For an explanation of (2), refer to David Robinson's post, which I reproduce on my MAD Listening Tests page. Also see his followup on the VQF forum, which I reproduce here. David talks about why near-fullscale unclipped samples can clip in CD players. The phenomenon he describes is applicable to any process which employs filtering (i.e., encoding to mp3):

Re: digital mastering levels - why near full scale unclipped samples can clip in CD players.

It's not because sounds don't get attenuated so much when oversampled - it's because the actual sample points on CD may not represent the analogue peak amplitude. Do these boards support images? Apparently not. I'll give a link then.

http://privatewww.essex.ac.uk/~djmrob/mp3board/norm.gif (Note: link has gone away)

This shows an 11.025kHz tone, sampled at 44.1kHz. Depending on how the sample points line up with the tone (something you have no control over when you're digitising a real signal!), they could fall on the peaks, but they could equally easily fall at almost half the peak amplitude. Now consider a mastering engineer who does a digital normalisation of that signal, pushing those sampled points to peak at full scale. The first set of samples will remain the same. However, the second set of samples will be boosted greatly - those numerically smaller samples will be pushed to full scale.

Now, when you replay this on a CD player that oversamples, the oversampling filter fills in the gaps between the original samples with new samples corresponding to the original waveform. In the first case, this poses no problem. In the second, the new interpolated samples will have amplitudes above digital full scale. Few devices can cope with this, so the oversampled signal clips at full scale, losing the top of the waveform. All this happens even though the actual sample points on the CD didn't clip.

Real signals aren't so contrived, so things aren't as bad as this most of the time! However, by heavily compressing audio signals in the digital 44.1 sampled domain, you make this clipping on playback more likely.

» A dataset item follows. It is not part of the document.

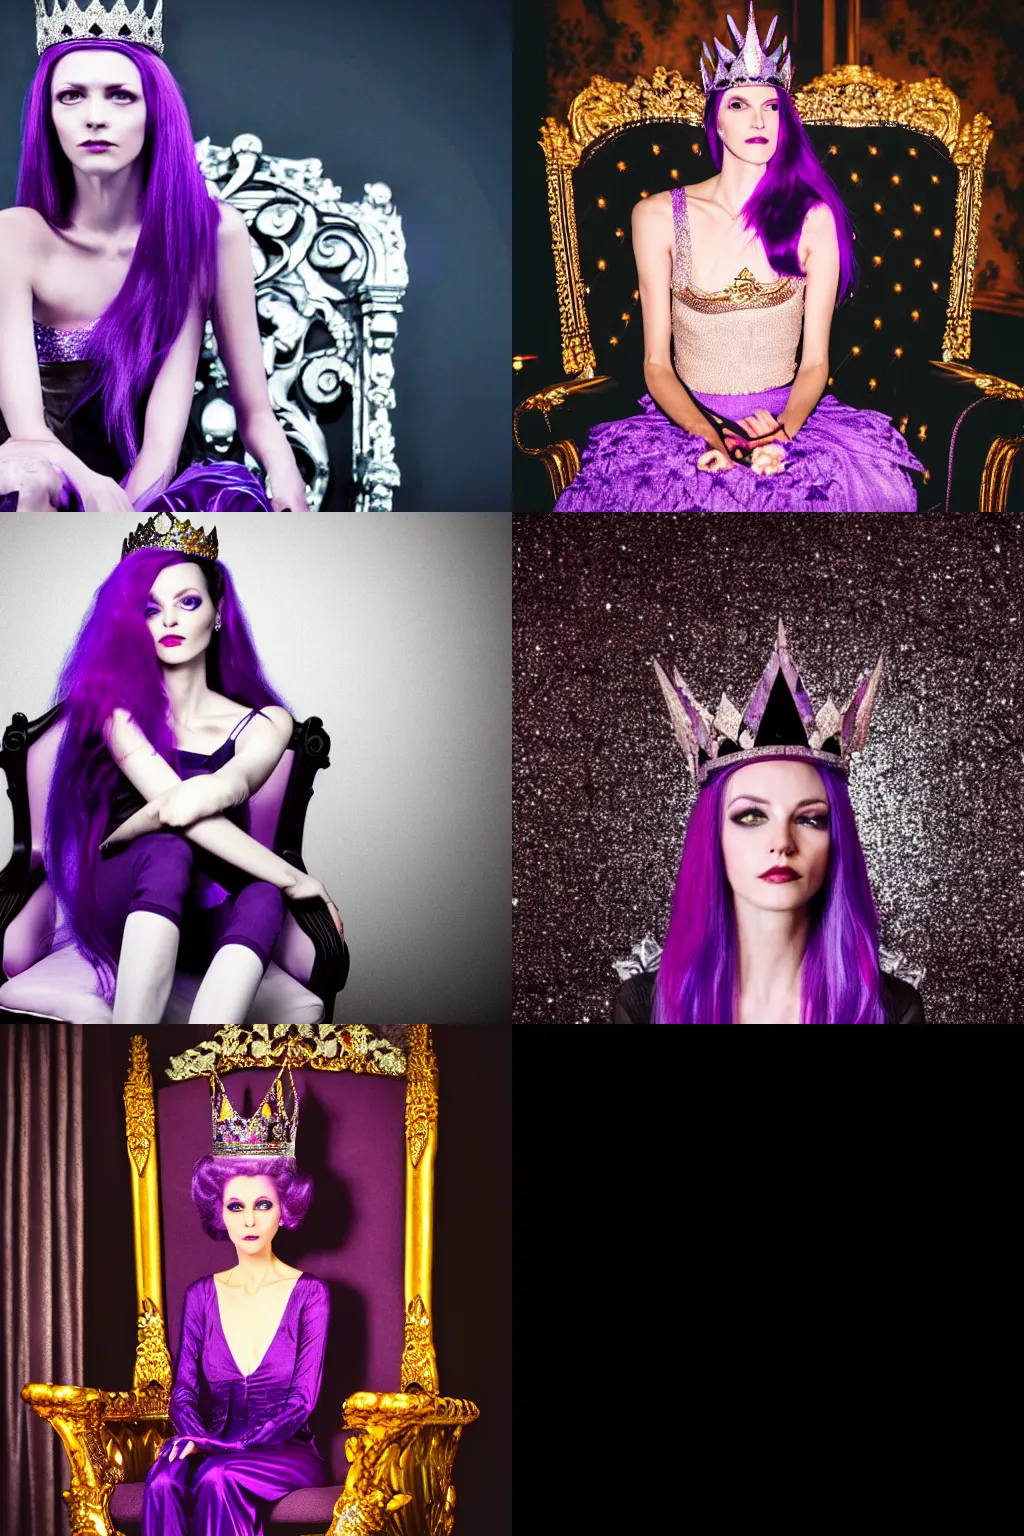 Prompt: A 4k photo of a skinny evil princess woman with purple hair wearing a diamond crown, sitting in a throne in a dark room. Low light

How is this relevant to audio coding? If you take a signal that is heavily compressed to full scale, and try to filter it (lots of filtering is involved in mp3 encoding and decoding) the resulting signal can easily go over full scale. Here's an example...

Download this file (it's only 80k)

http://ff123.net/samples/noise.wav

Note the peak amplitude. Now filter it - try something like a low pass filter at 18kHz. So you're removing energy, right? Now look at the new peak amplitude - it's higher than before, even though you've removed part of the signal.

A simlar thing, to a lesser extent, is causing clipping to occur in mp3 files.


Short Description of Listening Test

Note: when I originally devised this test, I had thought that clipping could be caused by the encoding process alone, and I tried to come up with a way to eliminate the decoder from the process. However, if you read through the process, you'll discover (as David Robinson pointed out), that I made a mistake and left the decoder in the loop at the wrong place:

(original WAV -> mp3 -> decode to WAV -> reduce gain of WAV file)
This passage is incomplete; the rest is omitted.